Federal agencies are generating, collecting, and moving vast amounts of data into cloud infrastructures. But how can agency data analysts optimize this data to make it useful and shareable with disparate agencies–especially if their missions complement one another–as well as the general public?
Data sharing between agencies enhances the government’s effectiveness. The Environmental Protection Agency has multiple data-sharing agreements with other government entities, such as the departments of Defense, Energy, and Transportation, while U.S Geological Survey water data might benefit analysts at the Department of Agriculture or the Forest Service.
According to Tommy La, managing director and analytics and data management strategy leader with Accenture Federal, agency tech managers should first make sure they have gone through the proper Authority to Operate (ATO) to secure all of their data before putting it in the cloud. Once in the cloud, they must focus on data governance, data tagging, and aggregation as well as implement the proper disclosure avoidance methods to ensure integrity and confidentiality.
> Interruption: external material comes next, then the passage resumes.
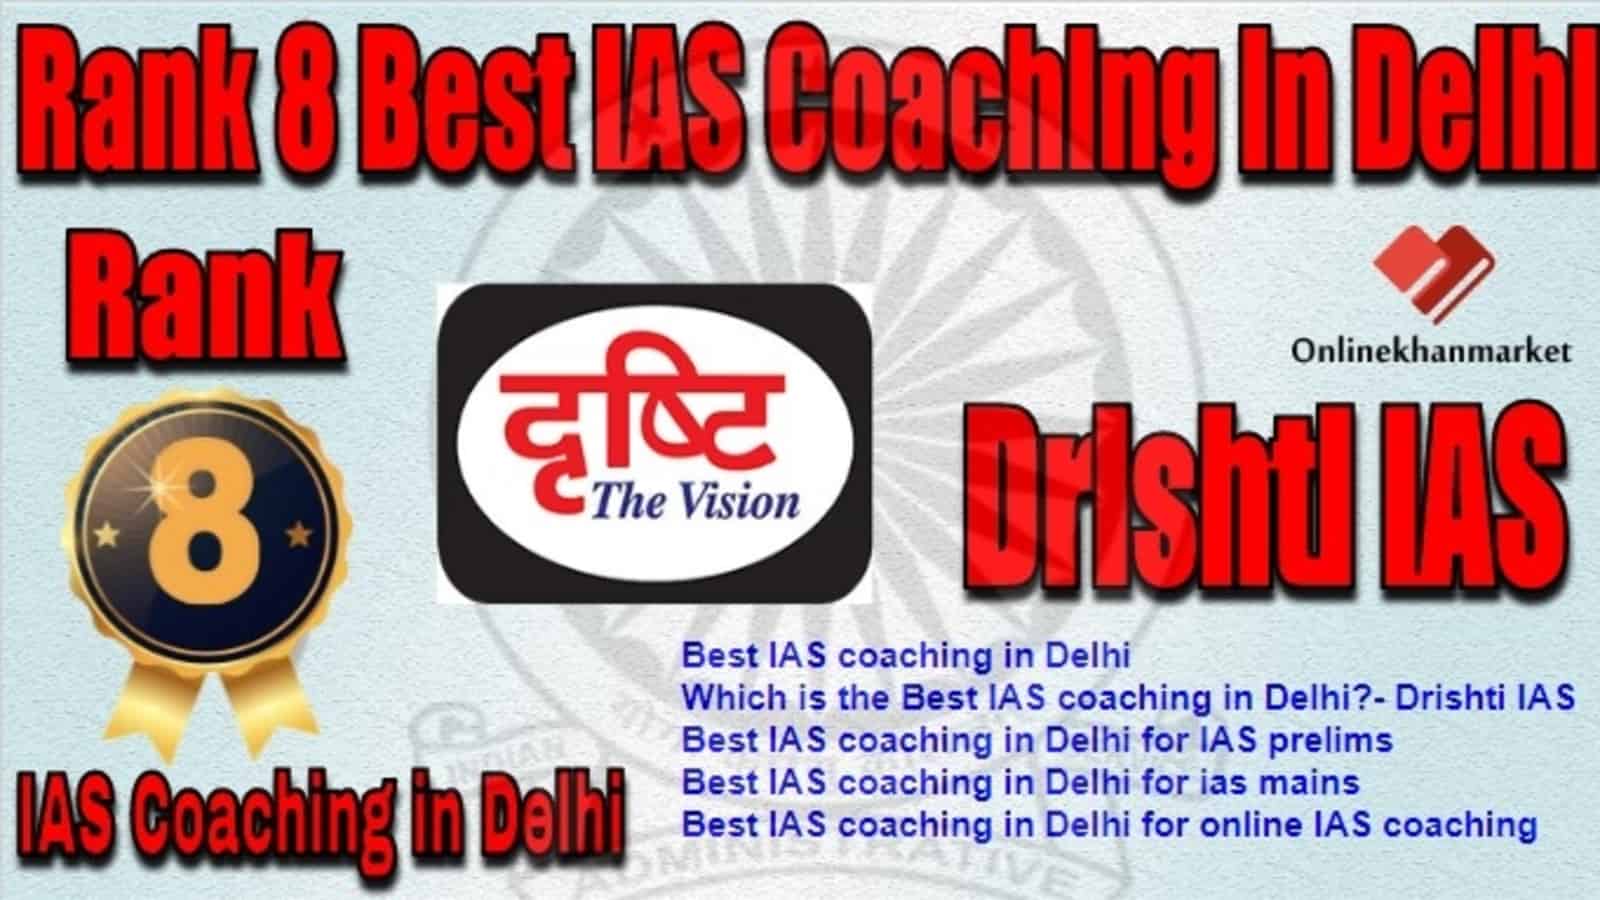 Rank 8 Best IAS Coaching in Delhi

“Before data makes its way into the cloud, there are rigorous controls and security that must be put into place. This is the general process the government goes through to ensure that their applications have the authority to operate,” La said.
The ATO basically verifies that the agency has met the controls and security authorization requirements necessary to have a data footprint in the cloud. Ultimately, agency managers want to ensure other government entities and the public that they are being proper stewards of citizen data and other information they collect.
Next, managers must focus on the governance of the data. At this stage, organizations need to ensure that data is properly tagged because tagging provides an agency with the business metadata necessary to find it later.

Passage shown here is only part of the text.